Tujuan utama dari pernikahan adalah prokreasi (menghasilkan keturunan)
dan pendidikan terhadap anak-anak, dimana tidak boleh ada niatan manusia yang mencegahnya
dengan cara melakukan tindakan-tindakan yang bertentangan dengan itu. Tujuan sekunder
dari perkawinan adalah saling membantu kepada
satu sama lain yang diberikan oleh masing-masing sebagai pemenuhan bagi nafsu mereka.
Kristus menetapkan bahwa kesatuan pernikahan hendaknya bersifat definitif,
baik bagi orang Kristen maupun bagi seluruh umat manusia. Kesatuan ini memiliki
sebuah karakteristik yang tak terpisahkan, sehingga ikatan suami-istri tidak
pernah bisa dirusak, baik oleh kehendak kedua belah pihak maupun oleh otoritas
manusia: “Demikianlah mereka bukan lagi dua, melainkan satu.

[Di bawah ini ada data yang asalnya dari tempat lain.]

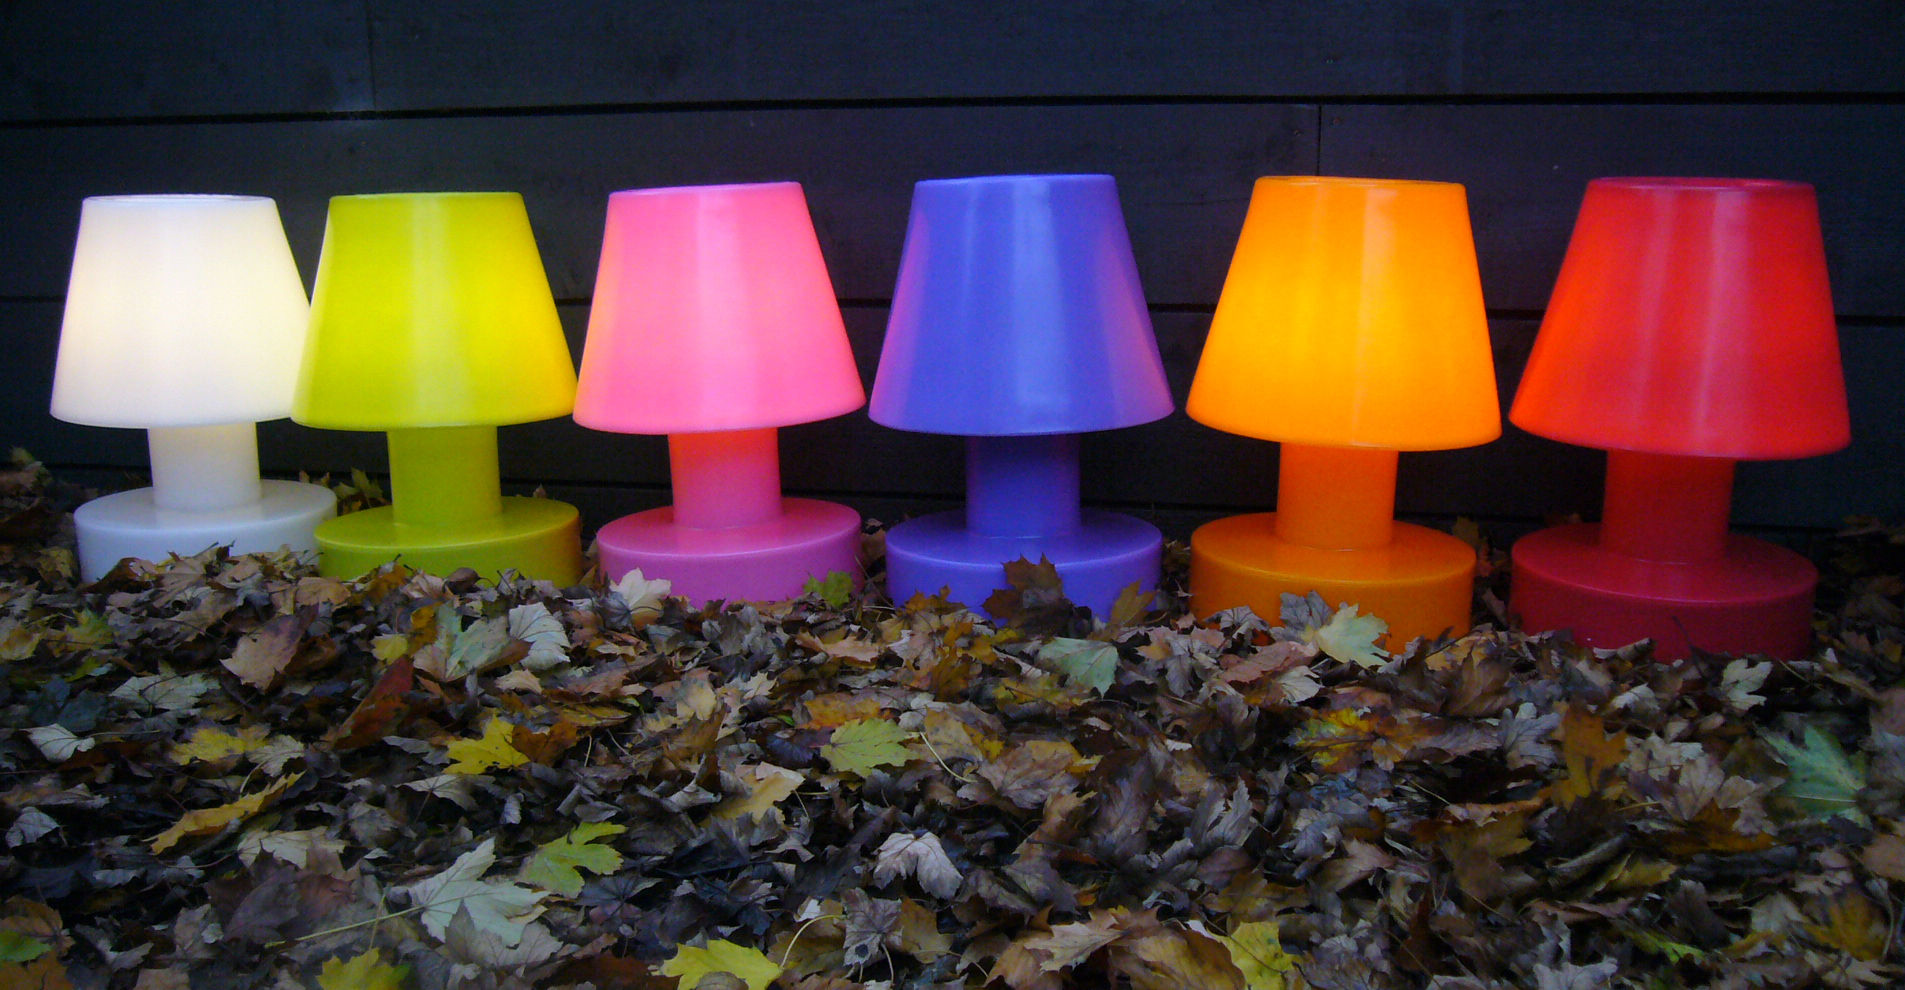 Lampioni Da Giardino Ikea Excellent Lampade Solari Da Giardino Ikea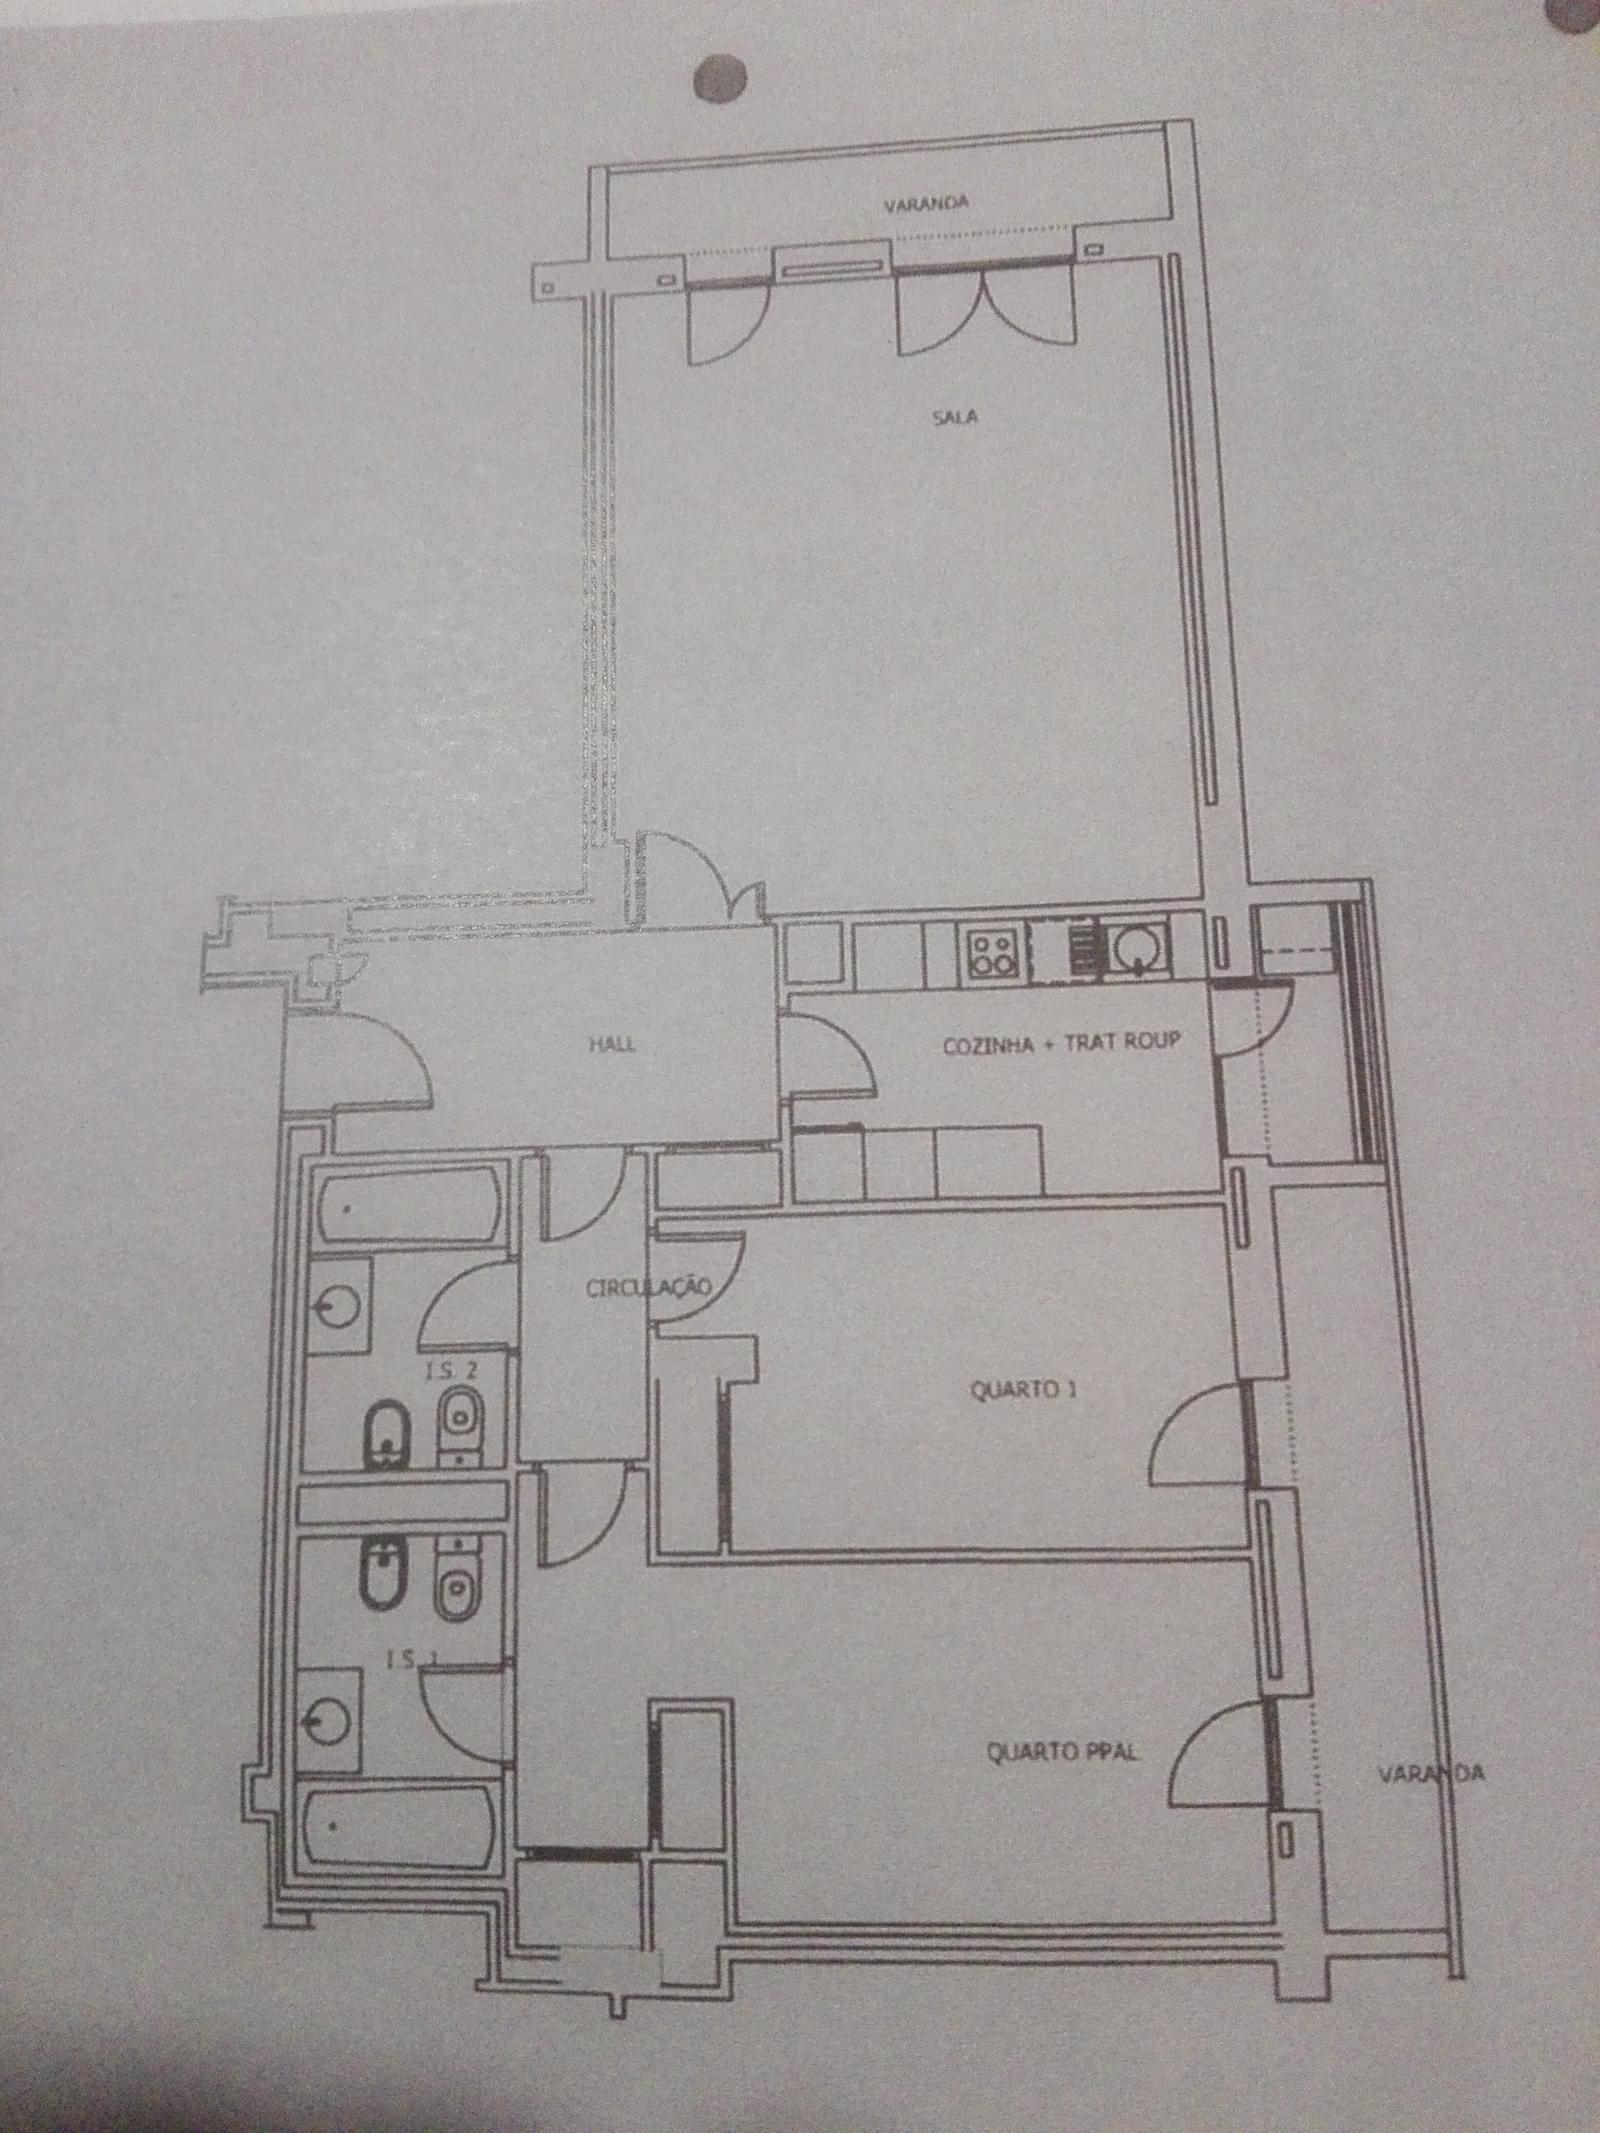 pf18814-apartamento-t2-lisboa-21ece8cc-89ae-4fef-aa2a-dda74f2db57d

Karena itu, apa yang telah dipersatukan Allah, tidak boleh diceraikan manusia." Mt. 19:6. Dalam
kasus pernikahan sakramental dari orang yang telah dibaptis, kesatuan dan keadaan
yang tak dapat diceraikan ini dijelaskan lebih lanjut oleh fakta bahwa itu
adalah tanda persatuan Kristus dengan Mempelai-Nya.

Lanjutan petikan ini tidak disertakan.